The cuisine of Noma is Nordic/Scandinavian; the restaurant's founders, Redzepi and Meyer, have attempted to redefine this Nordic cuisine. Its cuisine can be considered more an interpretation of Nordic food than classical Nordic food itself, according to Meyer in the book Noma – Nordic Cuisine. Notable dishes include "The Hen and the Egg", a meal cooked by the diners themselves, which consists of potato chips, a wild duck egg, slightly wet hay, salt, herbs, wild forest plants, hay oil, thyme, butter, and wild garlic sauce.

==Staff==
Redzepi formerly worked at restaurants including The French Laundry, El Bulli, Kong Hans Kælder and Le Jardin des Sens. During Noma's final years of regular service, the head chef was Kenneth Foong, who replaced Canadian Benjamin Ing in July 2020. Prior head chefs included Dan Giusti and Matt Orlando.

=== Labor practices ===

Noma historically relied heavily on unpaid interns, known as stagiaires, a common practice in fine dining. A 2022 Financial Times investigation reported that the restaurant employed approximately 30 unpaid interns alongside 34 paid chefs, with interns working up to 70 hours per week. A 2023 Vice report found that roughly half of Noma's 60-person kitchen staff were unpaid.

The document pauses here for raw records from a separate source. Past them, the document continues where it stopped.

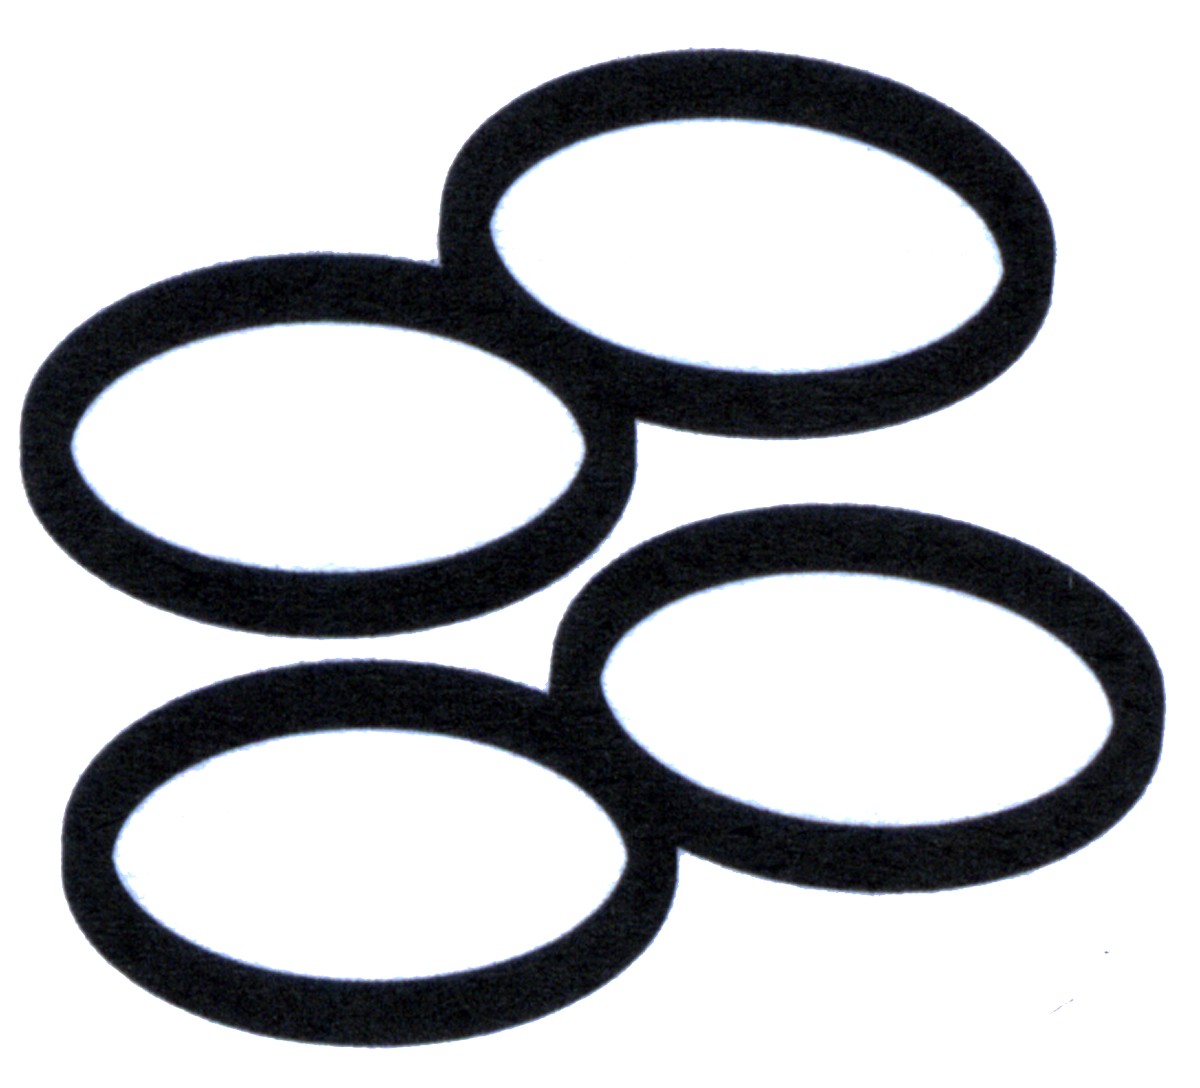 Pp21002 Large O Ring Assortment
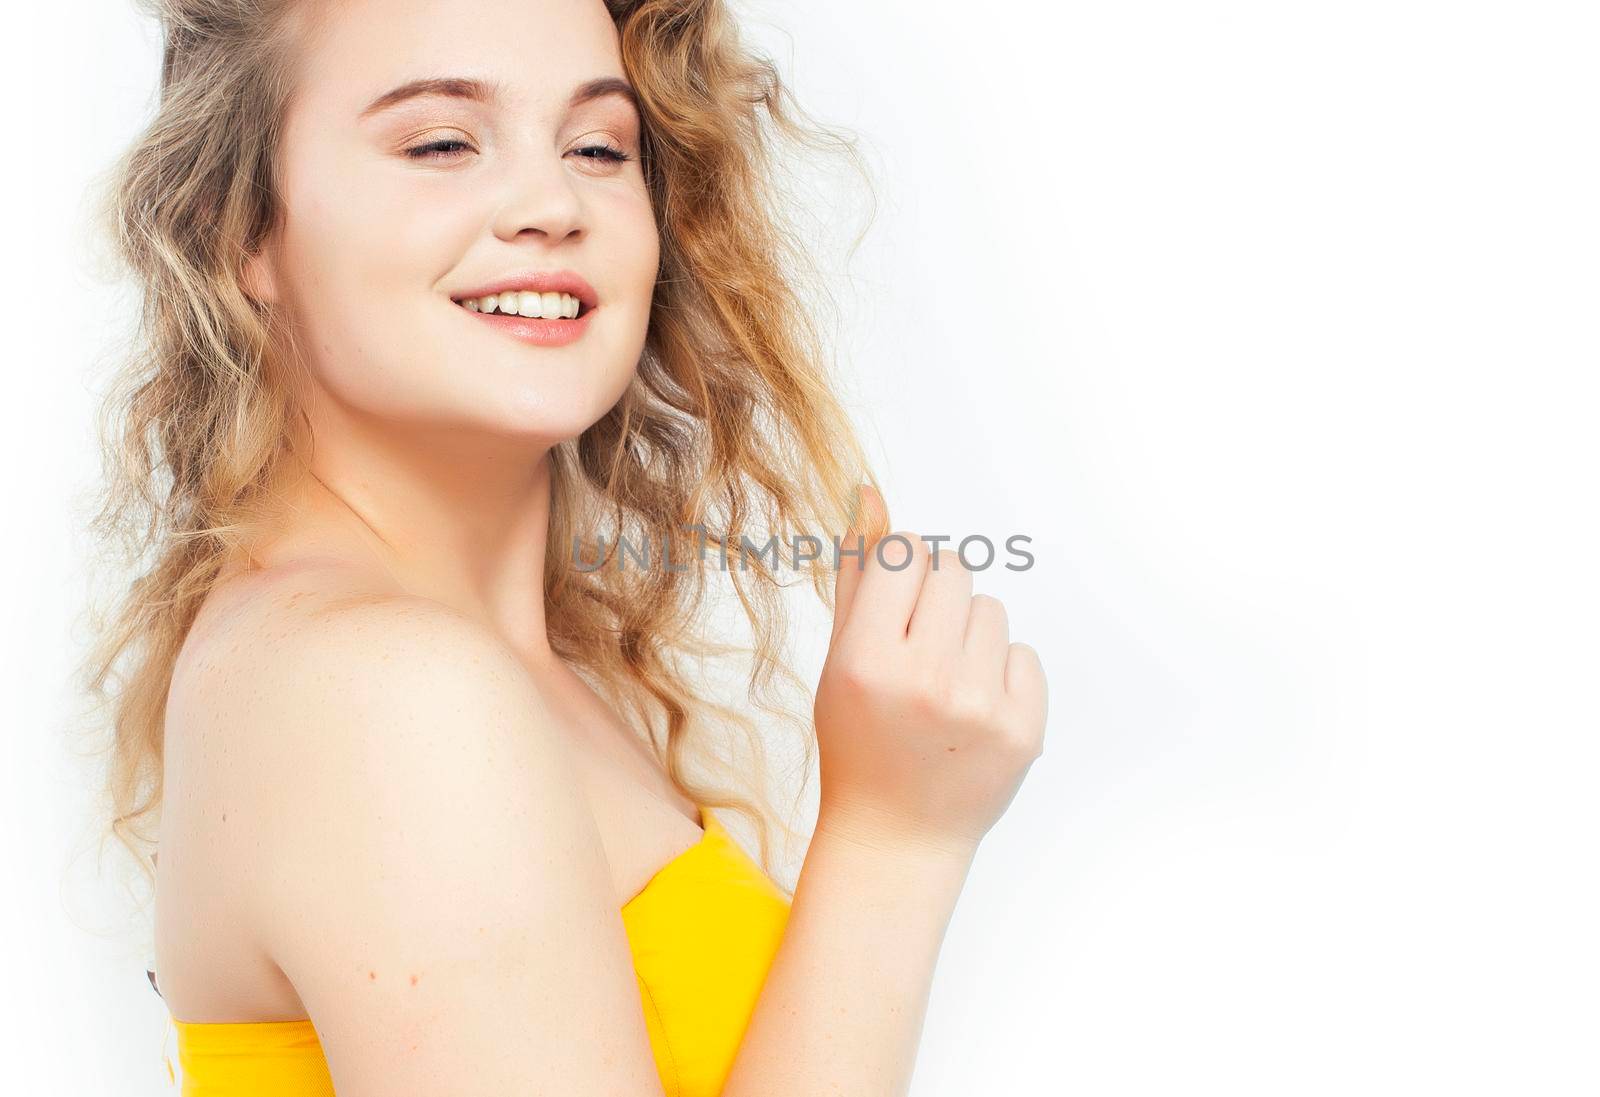 oung pretty blond girl posing happy smiling on white background isolated, lifestyle people concept close up
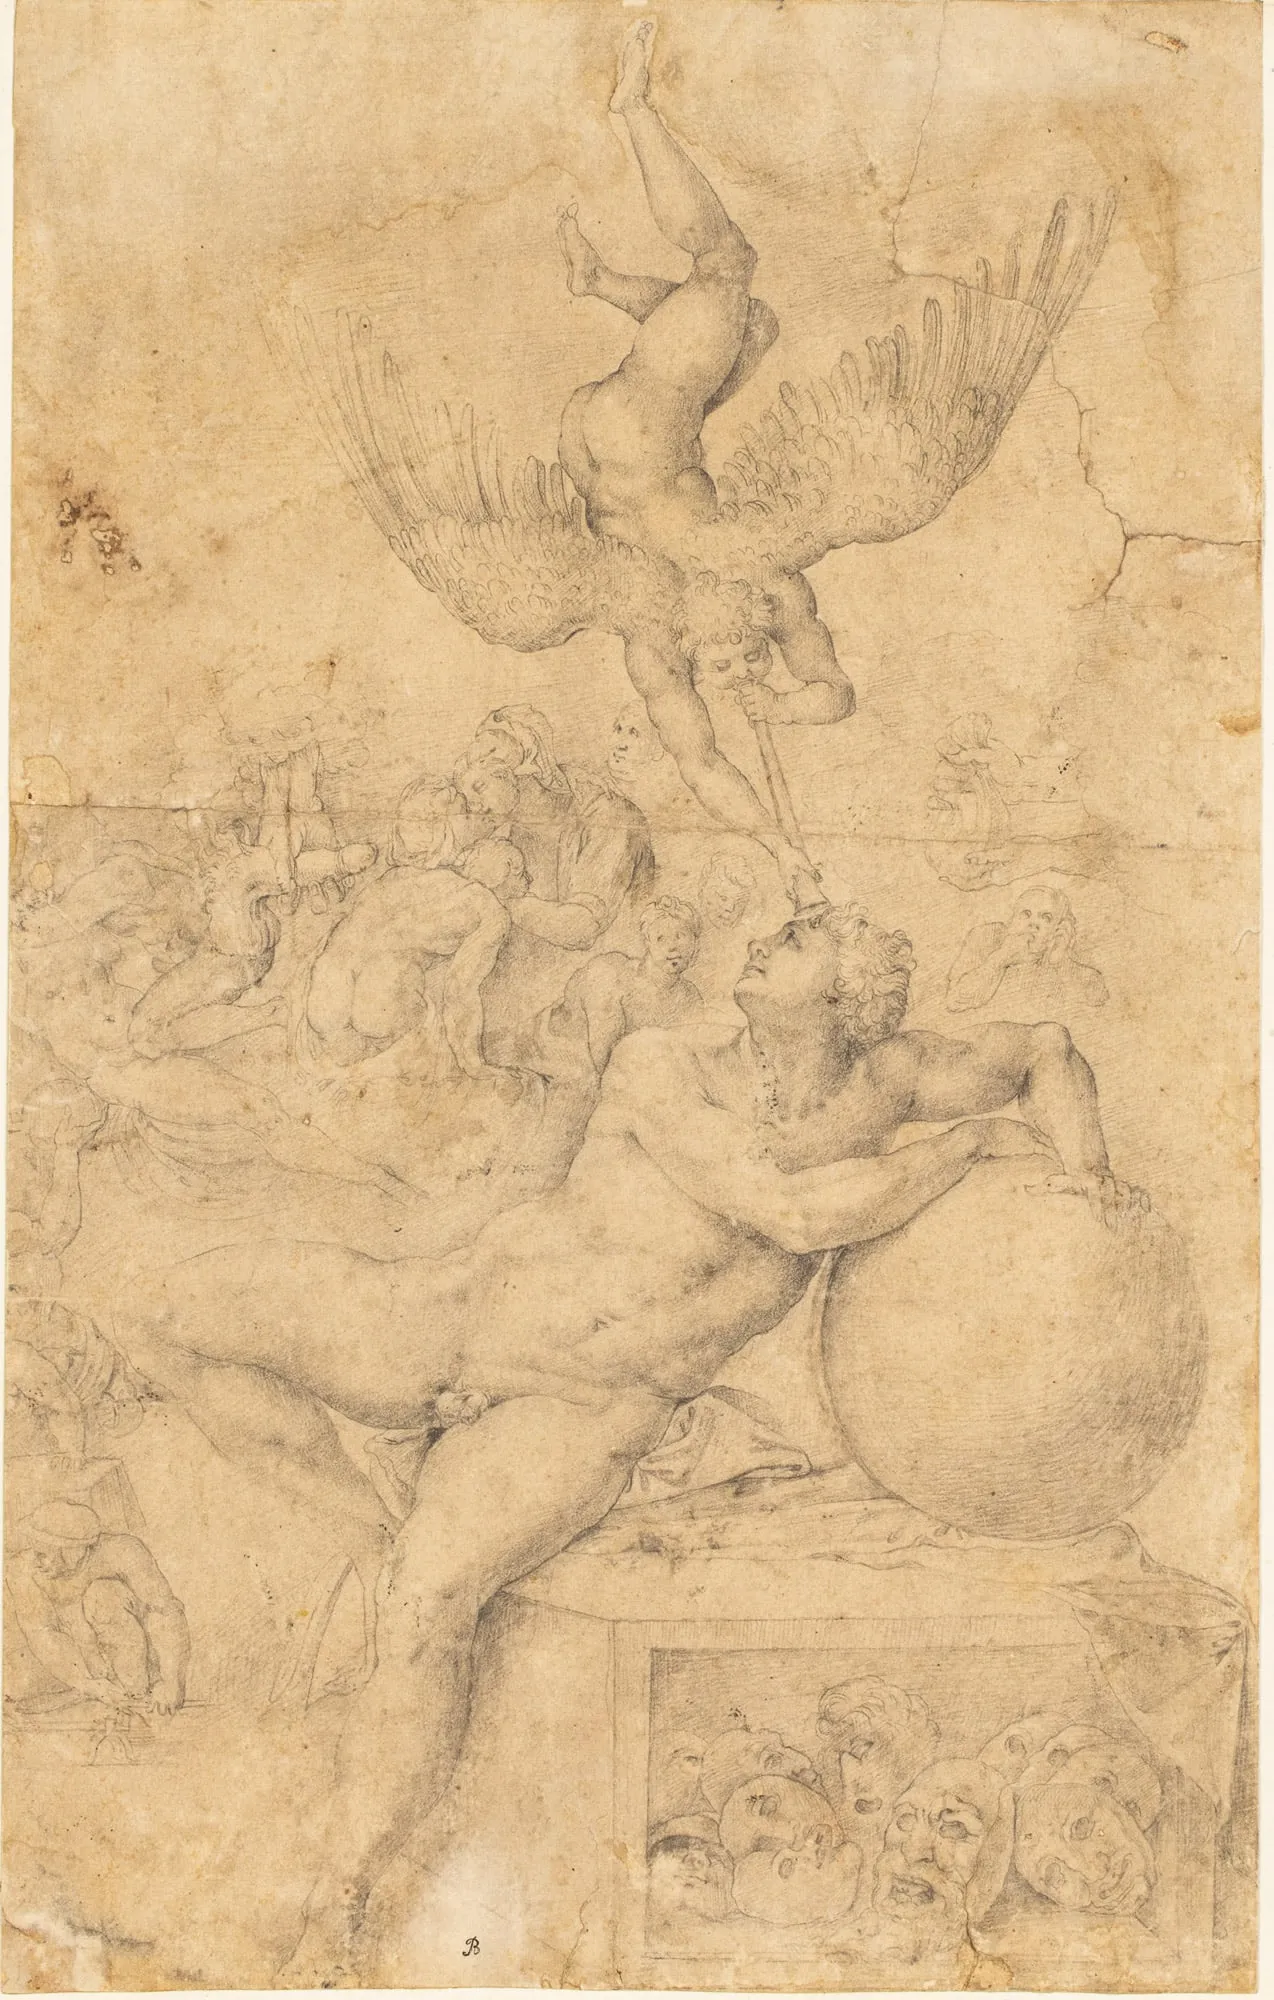 Old Master drawing based on a Michelangelo work earns $21,000 at Everard

In October 2022, Noma began paying all of its interns, a change that added an estimated $50,000 to $70,000 per month in labor costs. When Redzepi announced in January 2023 that Noma would transition away from traditional restaurant service, he cited the financial and emotional toll of the model, telling The New York Times: "It's unsustainable. Financially and emotionally, as an employer and as a human being, it just doesn't work."

==== Physical abuse allegations ====
In March 2026, The New York Times reported that Redzepi physically abused dozens of employees at Noma. Thirty employees reported that being hit by Redzepi was "routine." When employees broke rules, Redzepi was known to punch them or publicly ridicule them.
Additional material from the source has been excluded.